■ Your goal: The result should be the listing below, restated exactly, with its pictures left out.

■ Data block:
>>>

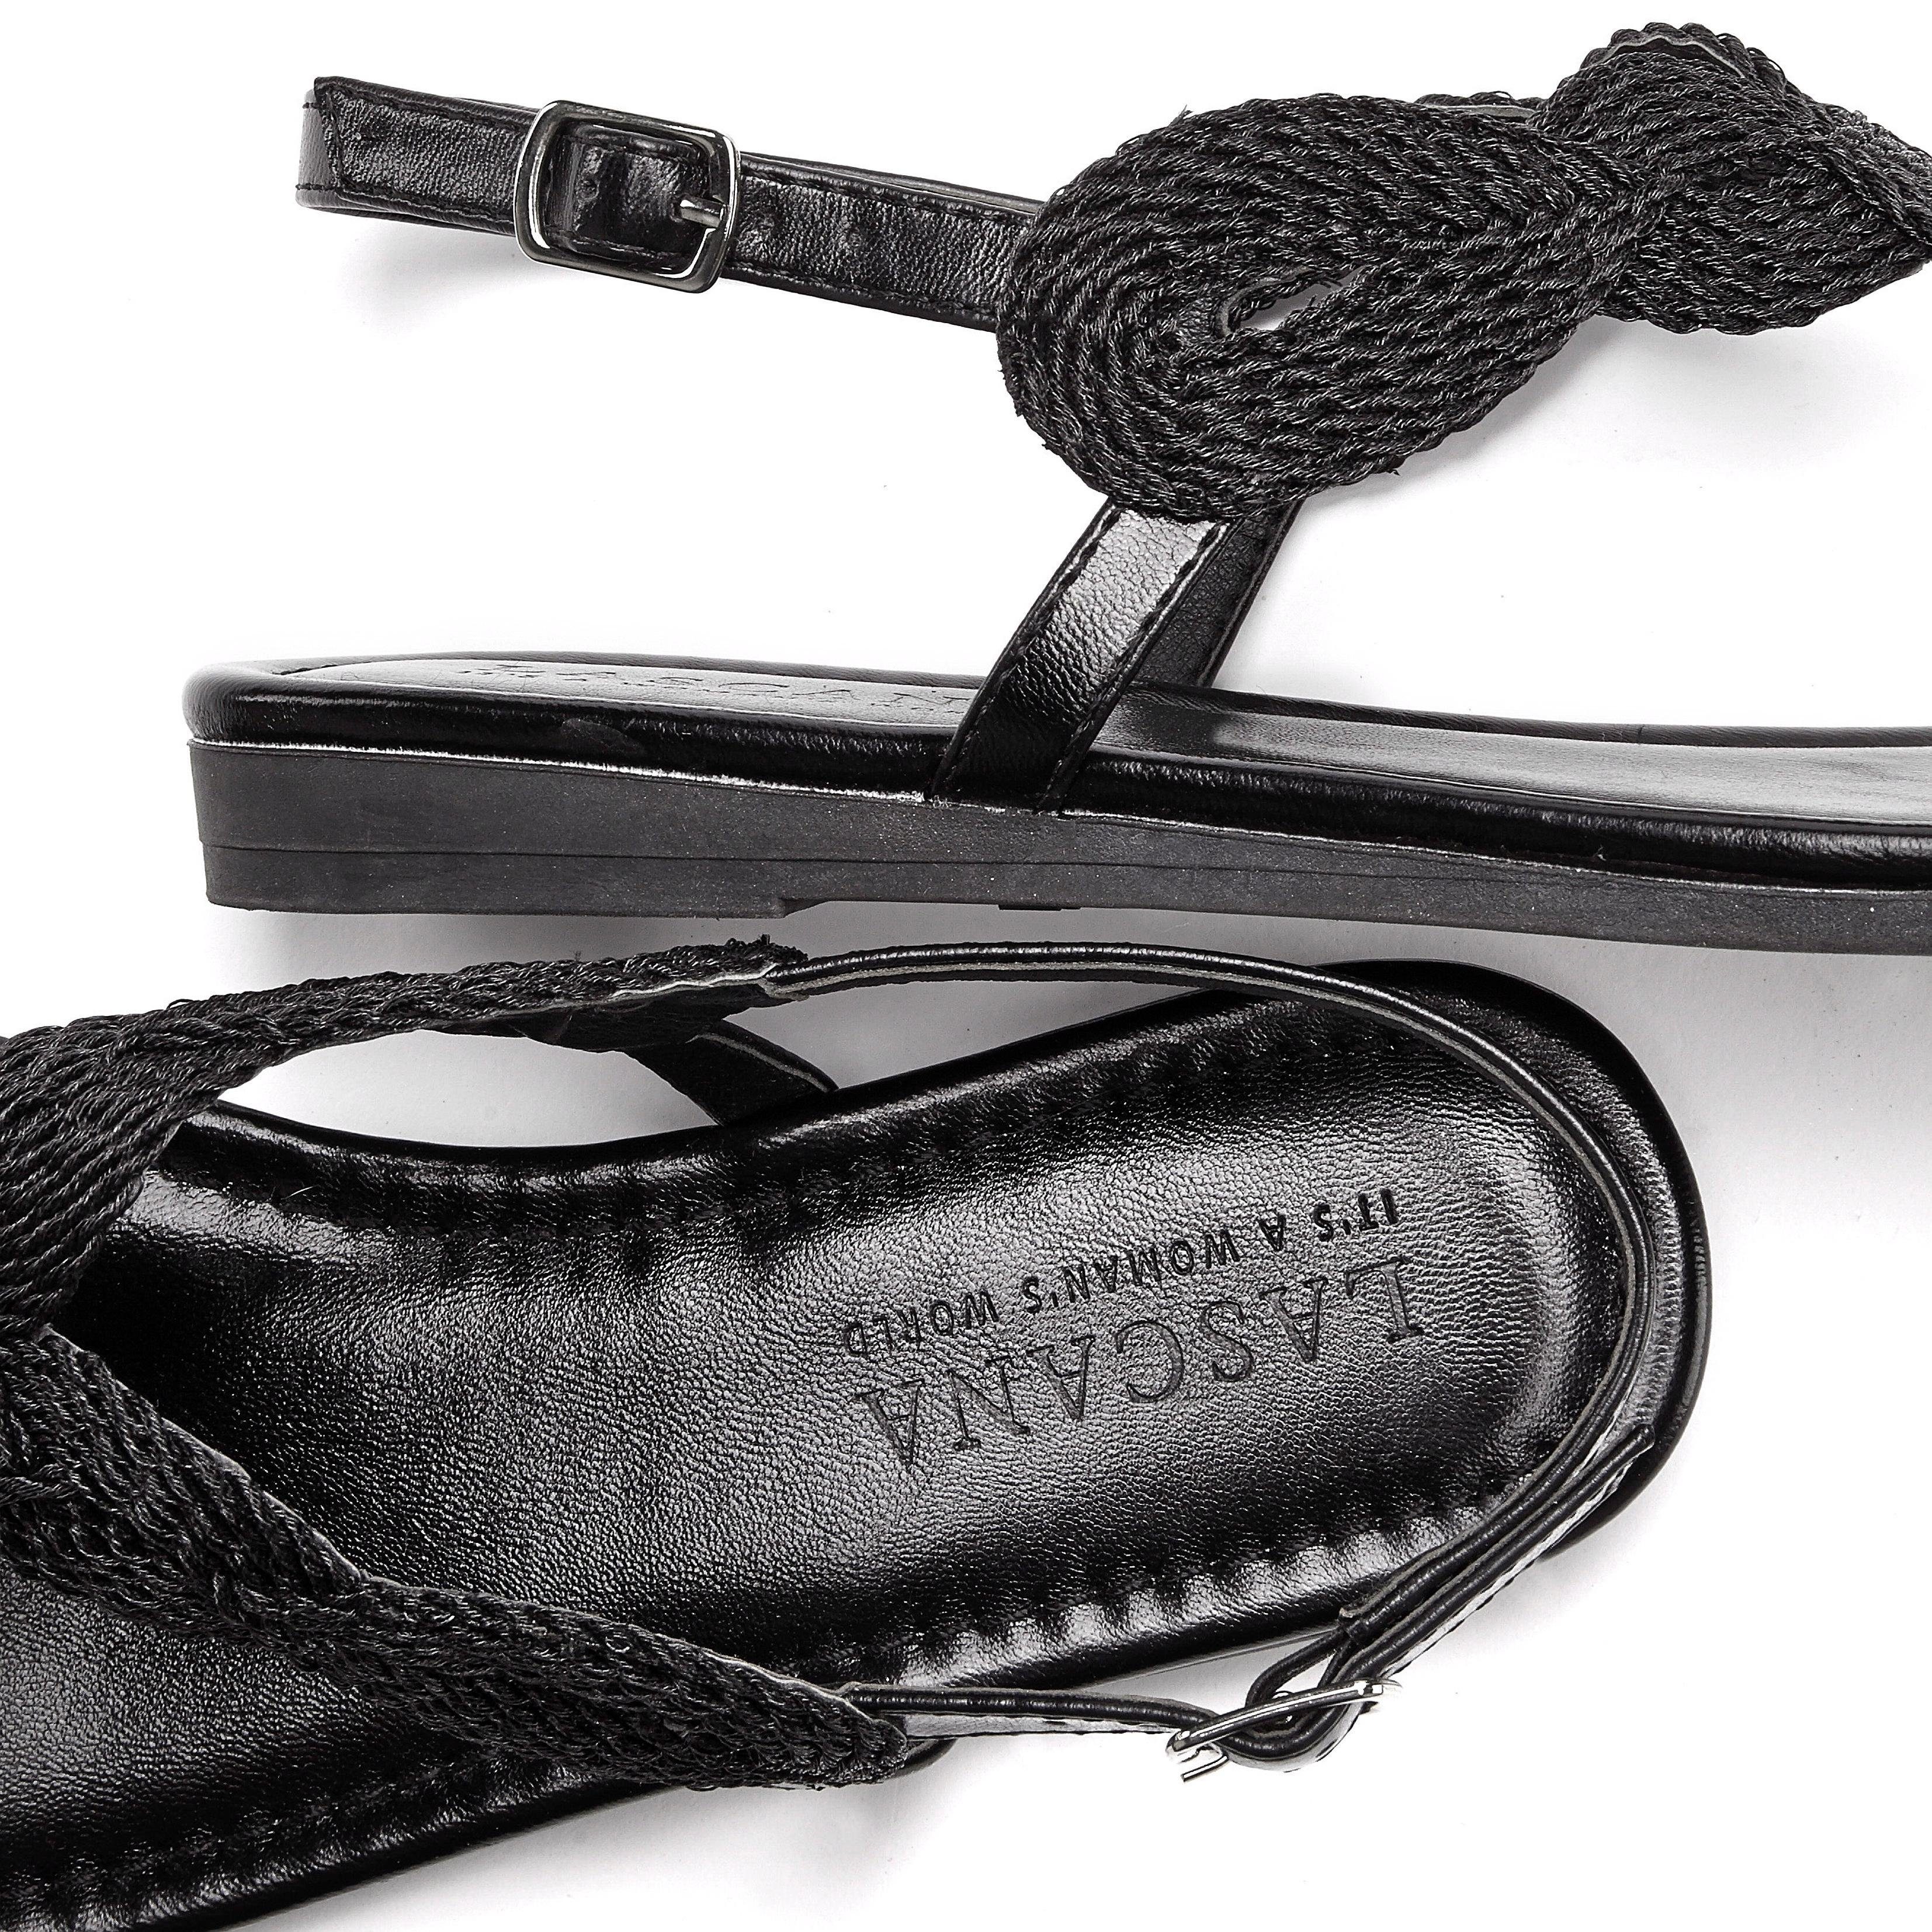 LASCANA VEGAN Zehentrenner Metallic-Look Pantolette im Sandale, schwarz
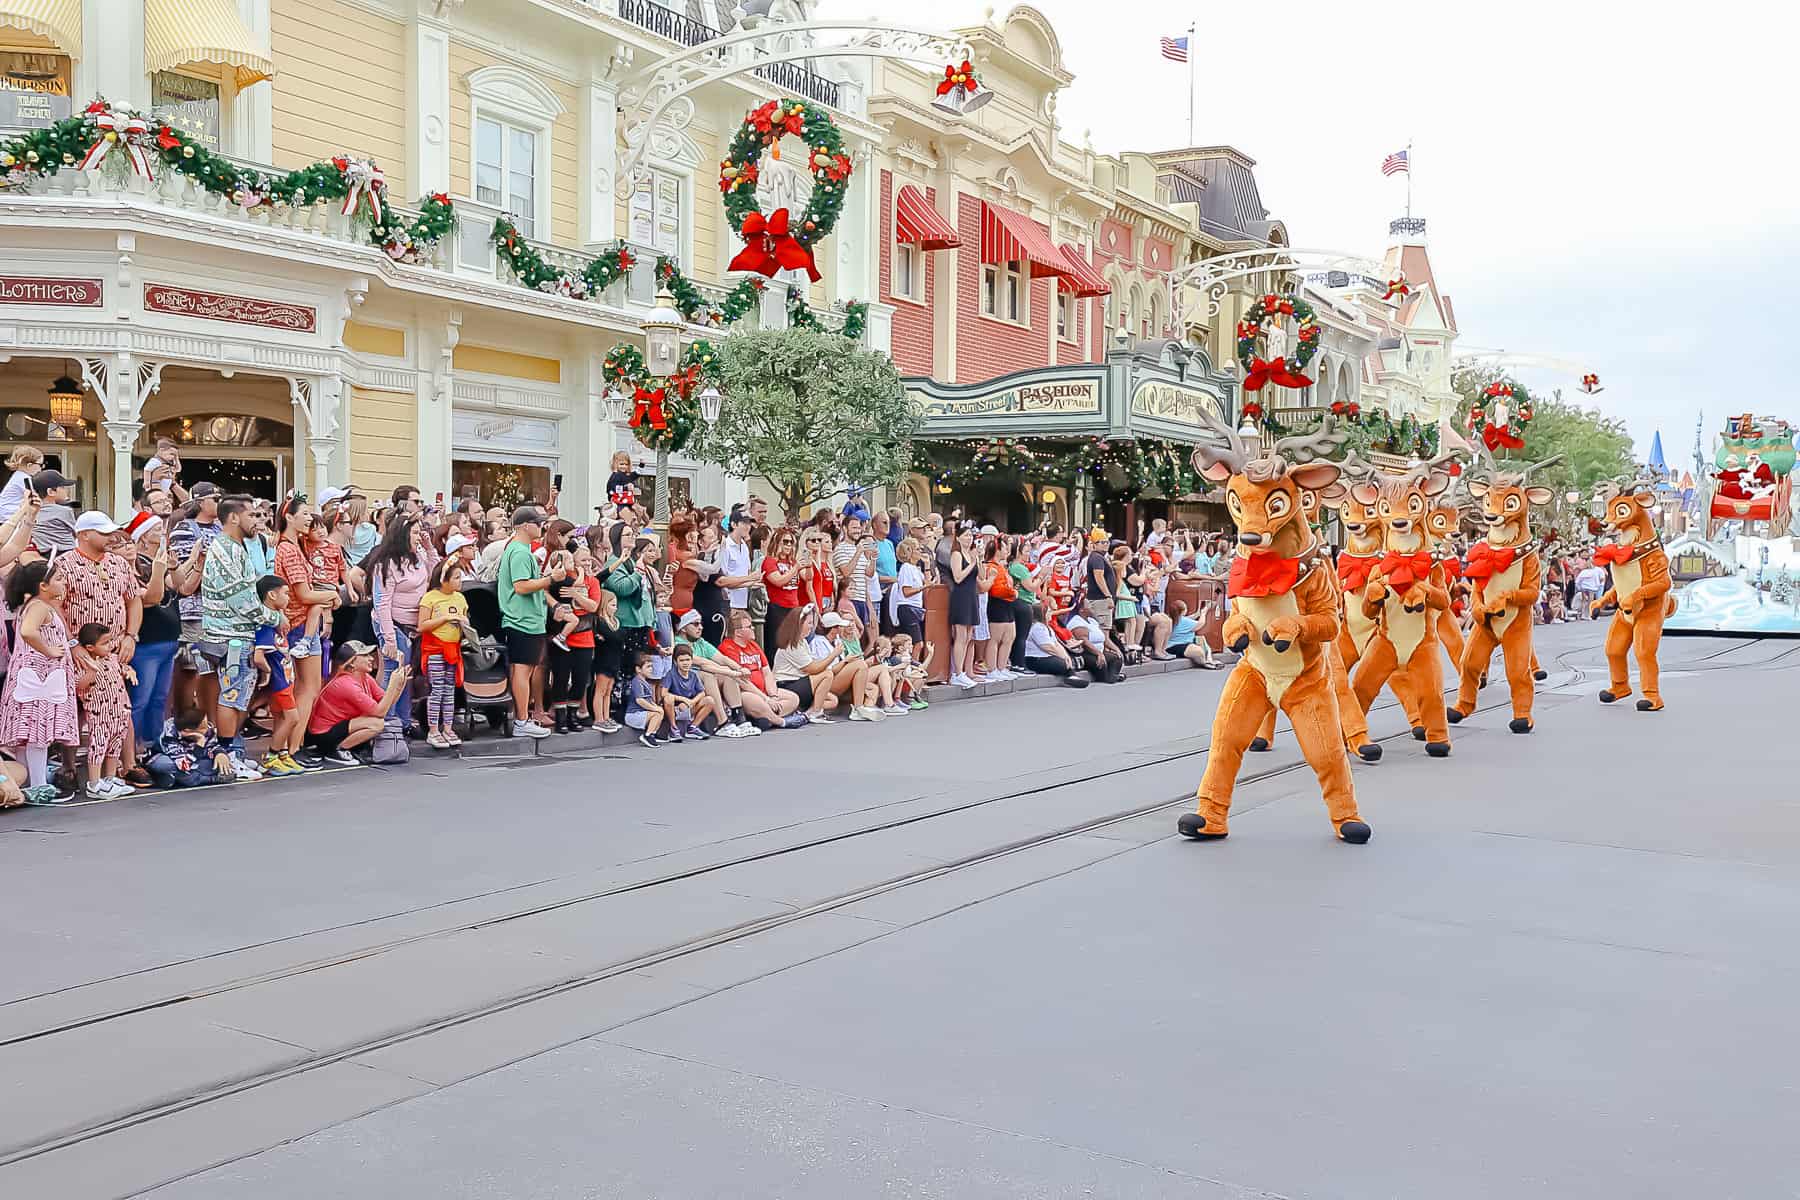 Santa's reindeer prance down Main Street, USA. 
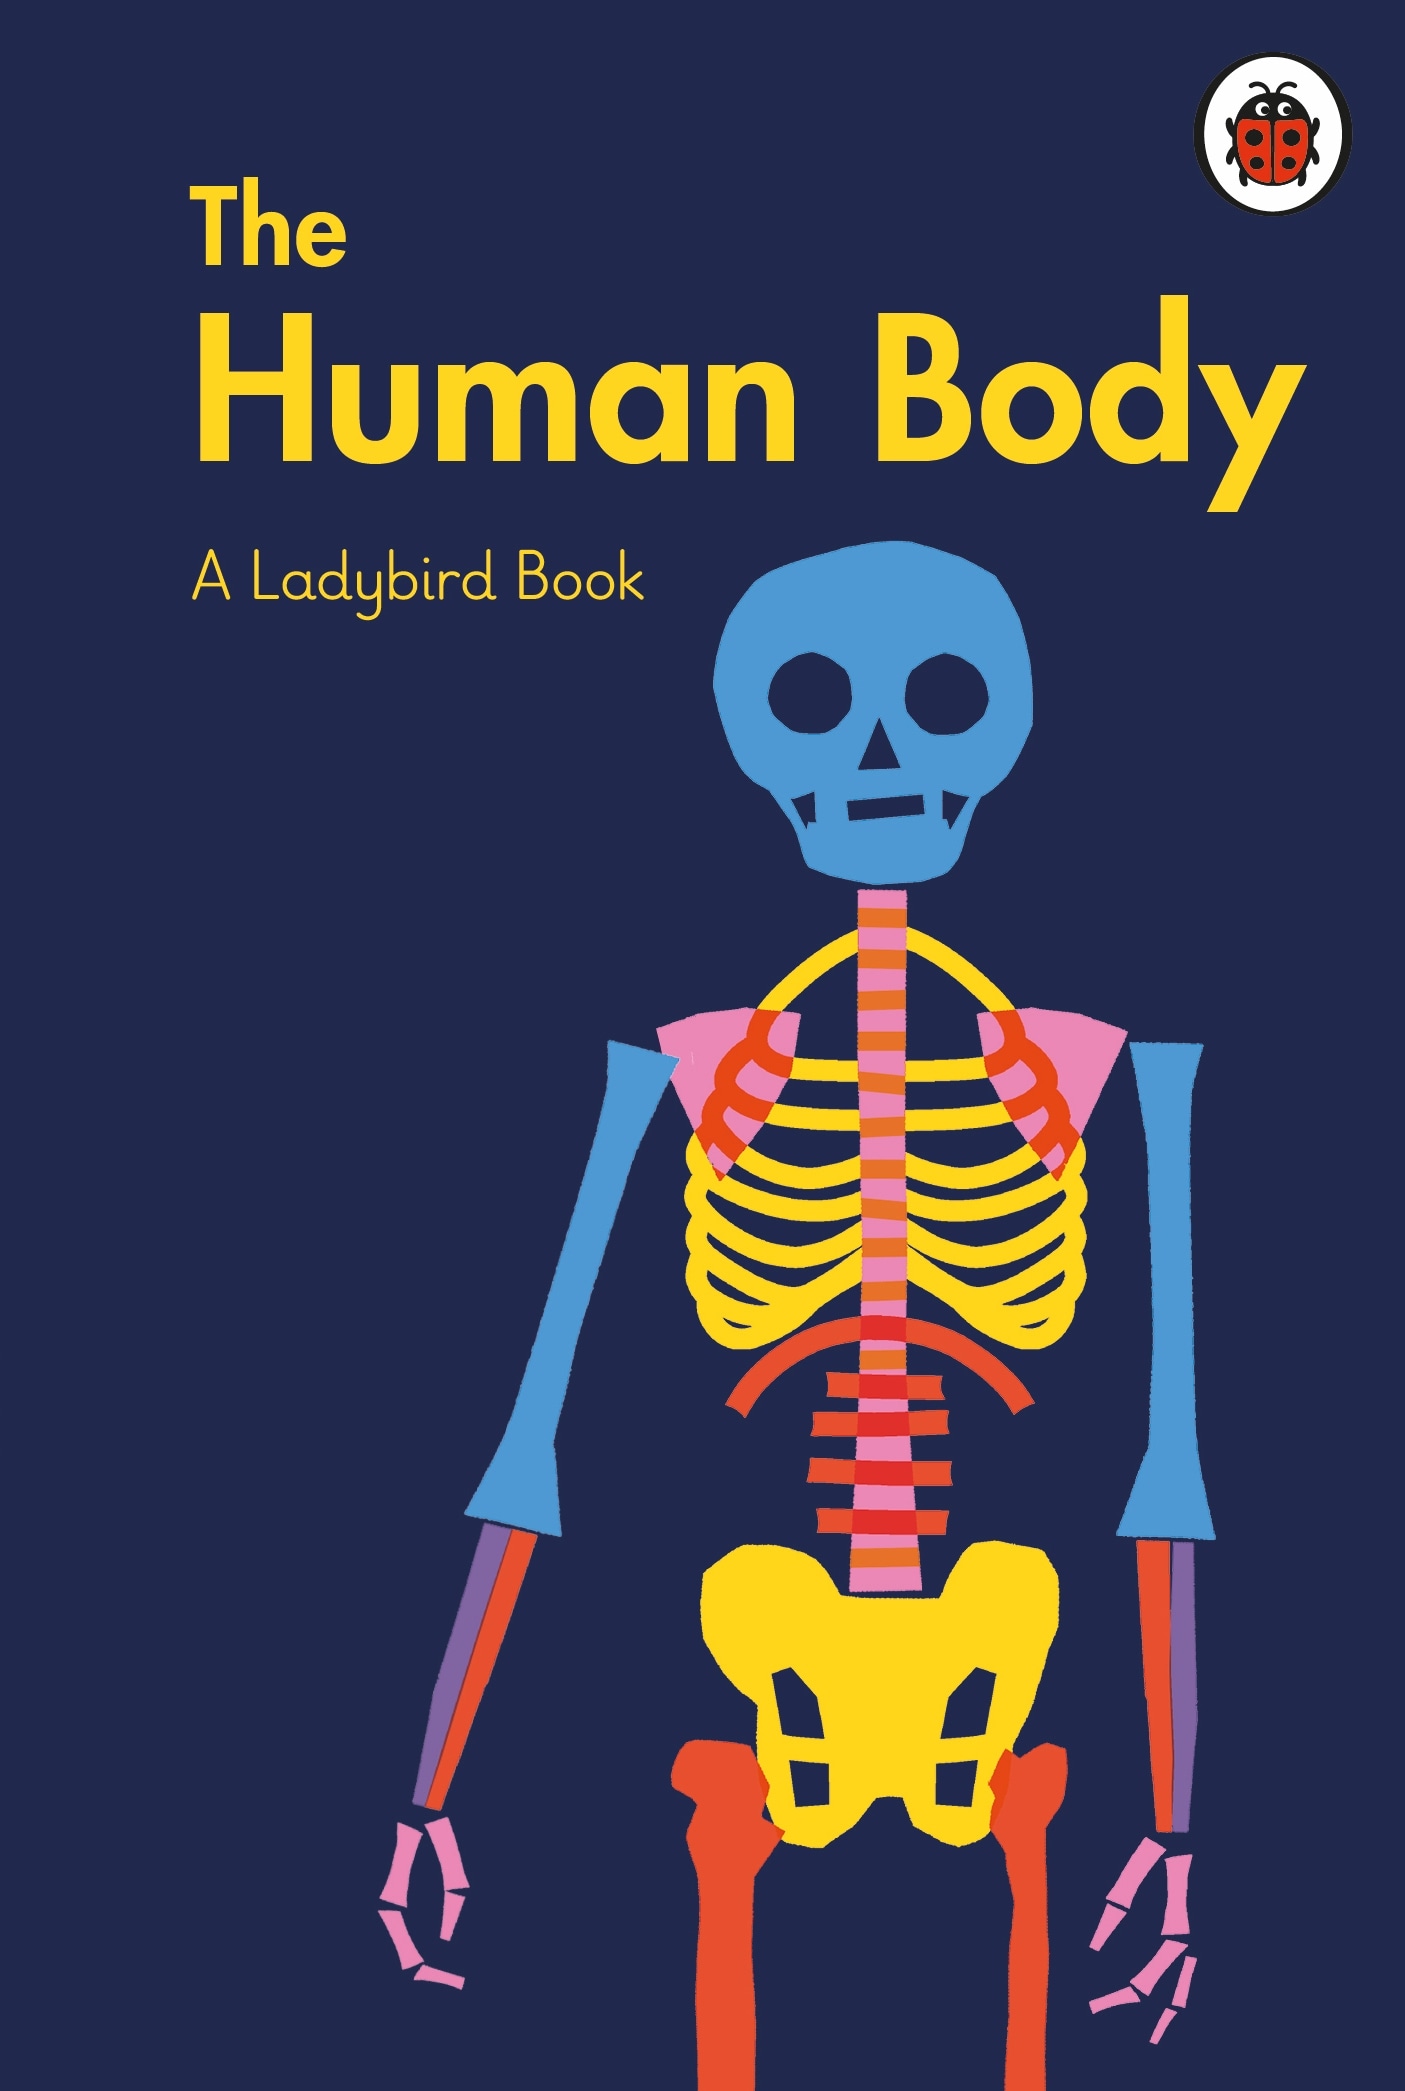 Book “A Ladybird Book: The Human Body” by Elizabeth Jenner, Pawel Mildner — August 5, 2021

<<<

■ Result of the exercise:
 LASCANA VEGAN Zehentrenner Metallic-Look Pantolette im Sandale, schwarz
 Santa's reindeer prance down Main Street, USA. 
 Book “A Ladybird Book: The Human Body” by Elizabeth Jenner, Pawel Mildner — August 5, 2021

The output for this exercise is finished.